Mini Yogurt Cake 迷你酸奶小蛋糕
My age must be catching up with me ... I forgot that I bought one pack of Greek yogurt, and bought another pack again. Now I have 2kg of Greek yogurt in my fridge! Being a cost-conscious housewife, I have to make sure they are consumed before the expiry date.
The initial plan for Greek yogurt was to make a healthy cheesecake. With 2kg of Greek yogurt, I baked different flavours of cheesecakes almost every week. After 3 weeks, I have used up 1.5kg of yogurt. My family seemed to have had enough of my "cheat cheesecake" for now.
There is still 500g of Greek yogurt left. Maybe it's time to bake yogurt cake with Greek yogurt?
I Googled yogurt cake, and noticed a nice recipe, which uses yogurt in making the famous cottony Japanese cheesecake. It sounds really miraculous. I knew this is the one! While baking, my daughter kept checking the oven and asked what the cake is. It smelled nice! Good things worth the wait.
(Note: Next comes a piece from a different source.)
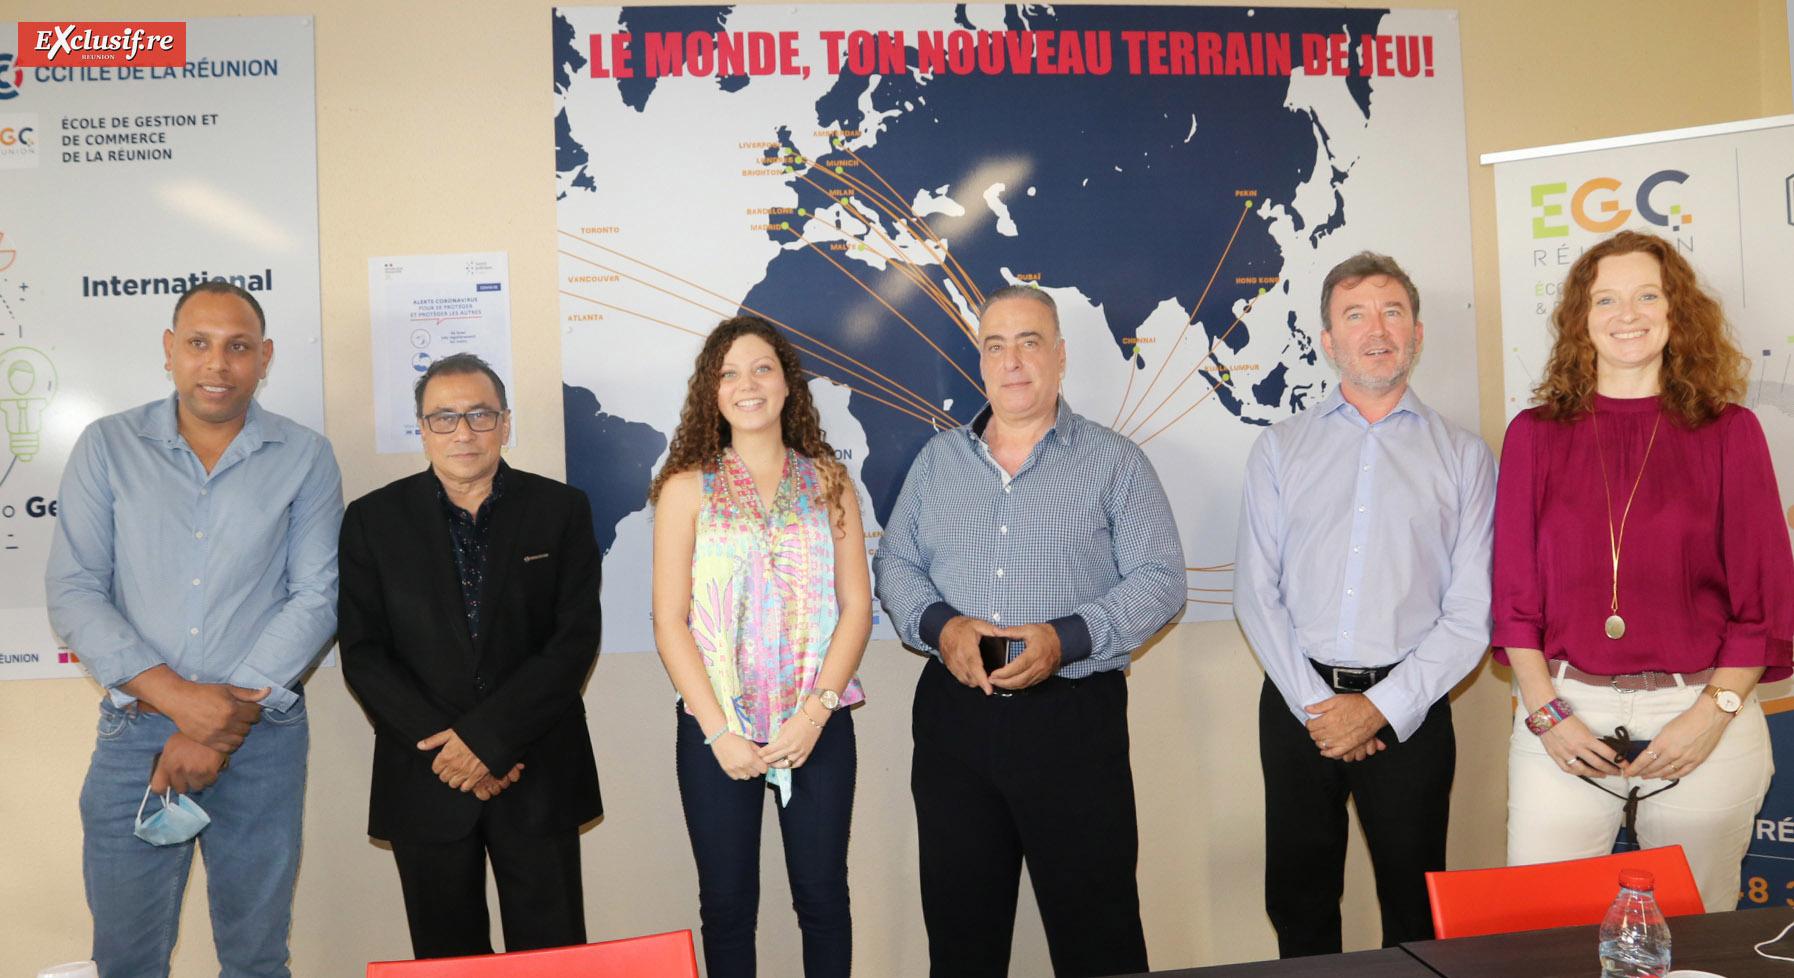 Pierrick Robert, Ibrahim Patel, Lisa, étudiante, Mansoor Zarif, et Philippe Bocquet

After almost one hour, what came out was a soft, light and moist cake that tasted bright and tangy! It was gone really quickly! The only problem is that the cake cracked in its center, which wasn't good for photos. I guess it's the baking temperature. My oven does not have 150 degC mark, so I baked it at 160 degC instead. Should have adjusted the oven temperature during the last 10 minutes of baking.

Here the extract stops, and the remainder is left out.